OpenStreetMap Is Not a Routing Model And Treating It Like One Is Expensive

The structural misalignment between OSM’s flexibility and the deterministic demands of production routing systems.

OpenStreetMap Is Not a Routing Model And Treating It Like One Is Expensive
Photo by Fabio Sasso / Unsplash

When routing systems based on OpenStreetMap start to show cracks, the first reflex is usually to look at scaling, indexing, or infrastructure. Latency creeps up, tail behavior becomes unpredictable, cloud cost rises, and the instinctive reaction is to add capacity or tune queries.

But over the years I have found that the deeper issue usually sits somewhere else. It sits in an assumption that is rarely questioned: that importing OSM correctly means you now have a routing model.

That assumption is not a small technical shortcut. It defines the architecture that follows. And once the architecture is shaped around raw OSM semantics, correcting it later becomes disproportionately expensive.

OpenStreetMap is an extraordinary system. It allows a distributed community to describe the world with remarkable flexibility. Nodes, ways, relations, and tags form a living, evolving representation of geography. That flexibility is its strength because it allows nuance, correction and growth.

Routing engines, however, operate under entirely different constraints. A routing core does not describe the world. It decides within it.

It needs deterministic edge semantics. It needs unambiguous directionality. It needs a stable execution graph that can answer the same question twice and produce the same result, even under concurrency and load. It needs decision logic that does not have to reinterpret metadata on every request.

OSM was never designed for that role. And when the two models are treated as interchangeable, subtle complexity leaks into the execution layer.

From Editorial Structure to Deterministic Execution

Access Legality Is Not a Property

Access legality often begins its life as tag evaluation. A tag says motor_vehicle = no, and so the edge is marked prohibited. That works until contextual reality enters the system.

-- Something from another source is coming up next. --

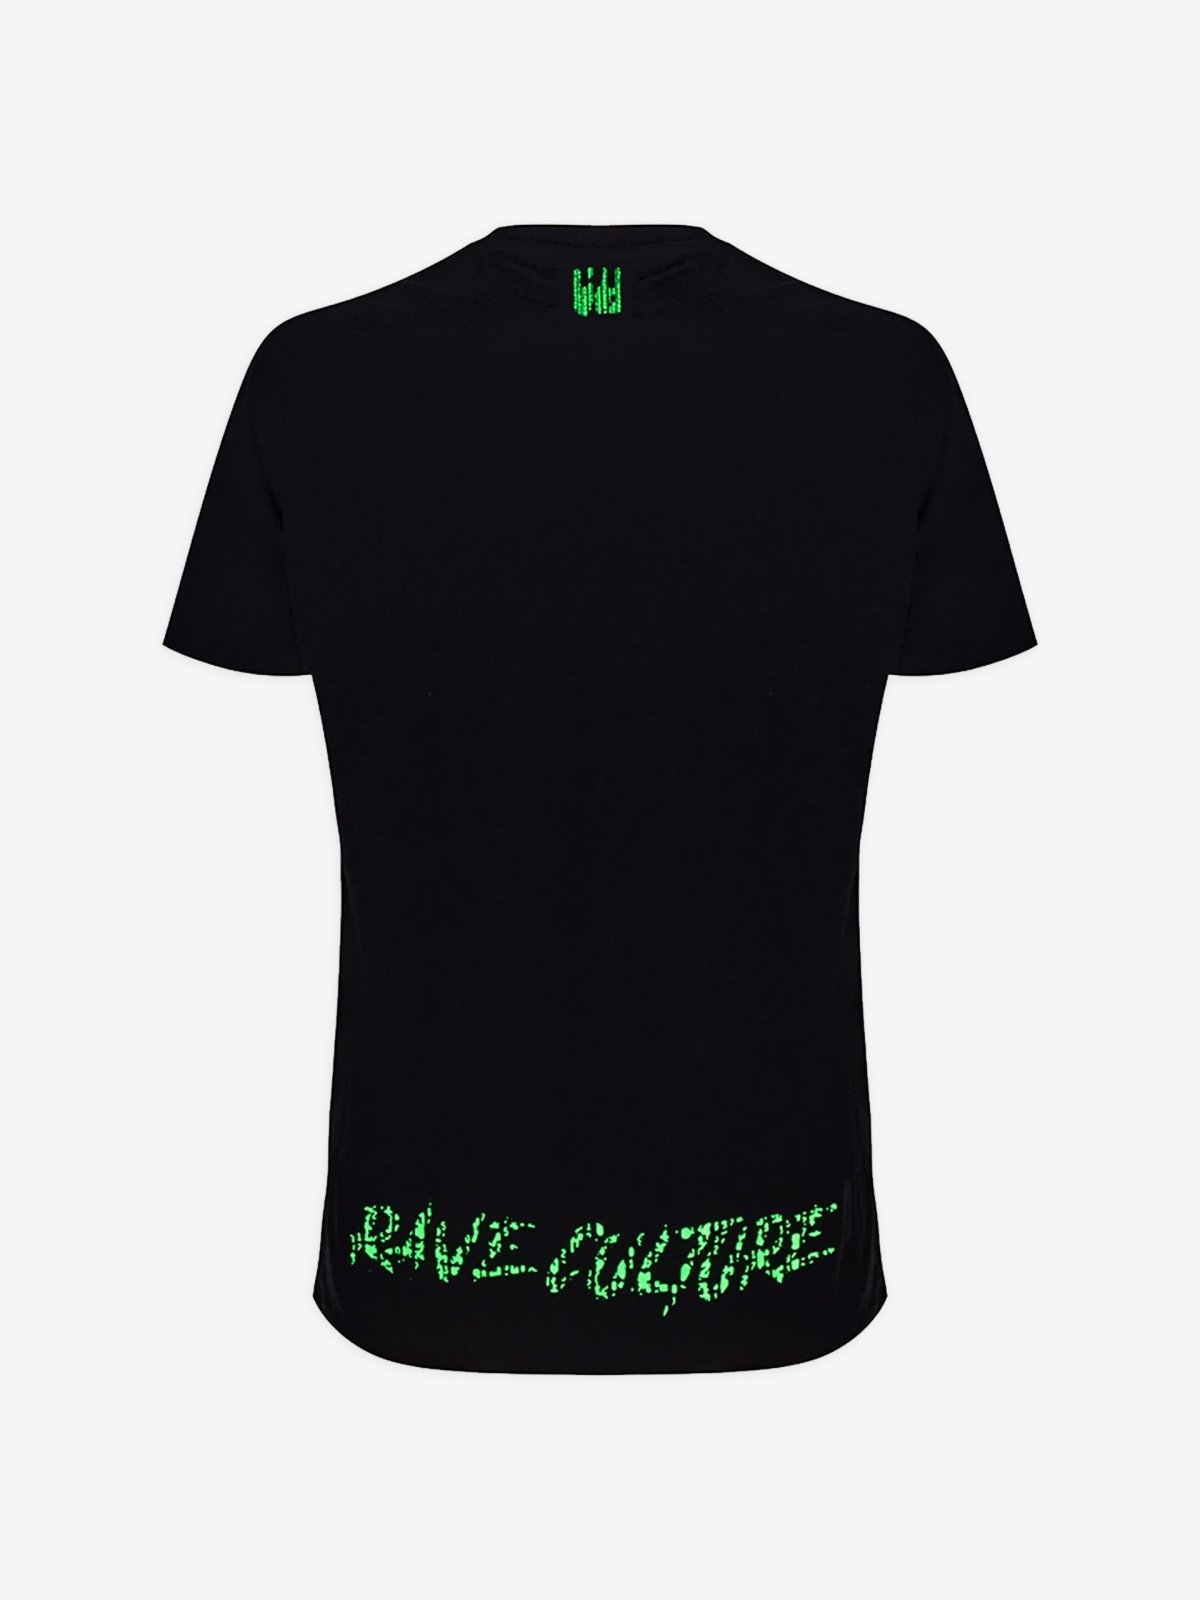 Rave Culture Matrix T-Shirt - Rave Culture Shop

None of the following are exotic: conditional access, vehicle classes, delivery exceptions, barrier overrides and time-dependent rules. They are standard.

If the routing engine evaluates these directly from raw OSM tags at request time, it is effectively reconstructing a decision model for every query. The more context matters, the more branching logic expands. What looks simple at import time becomes interpretive at execution time.

Interpretation is expensive.

Not only computationally, but conceptually. When access legality lives in dynamic tag evaluation instead of in a projected decision structure, reasoning about behavior becomes harder. Edge cases accumulate. Engineers start compensating with patches rather than clarifying the model.

Access legality is not a static attribute attached to a way. It is the result of a structured decision context. If that structure is not materialized ahead of time, it reappears as runtime complexity.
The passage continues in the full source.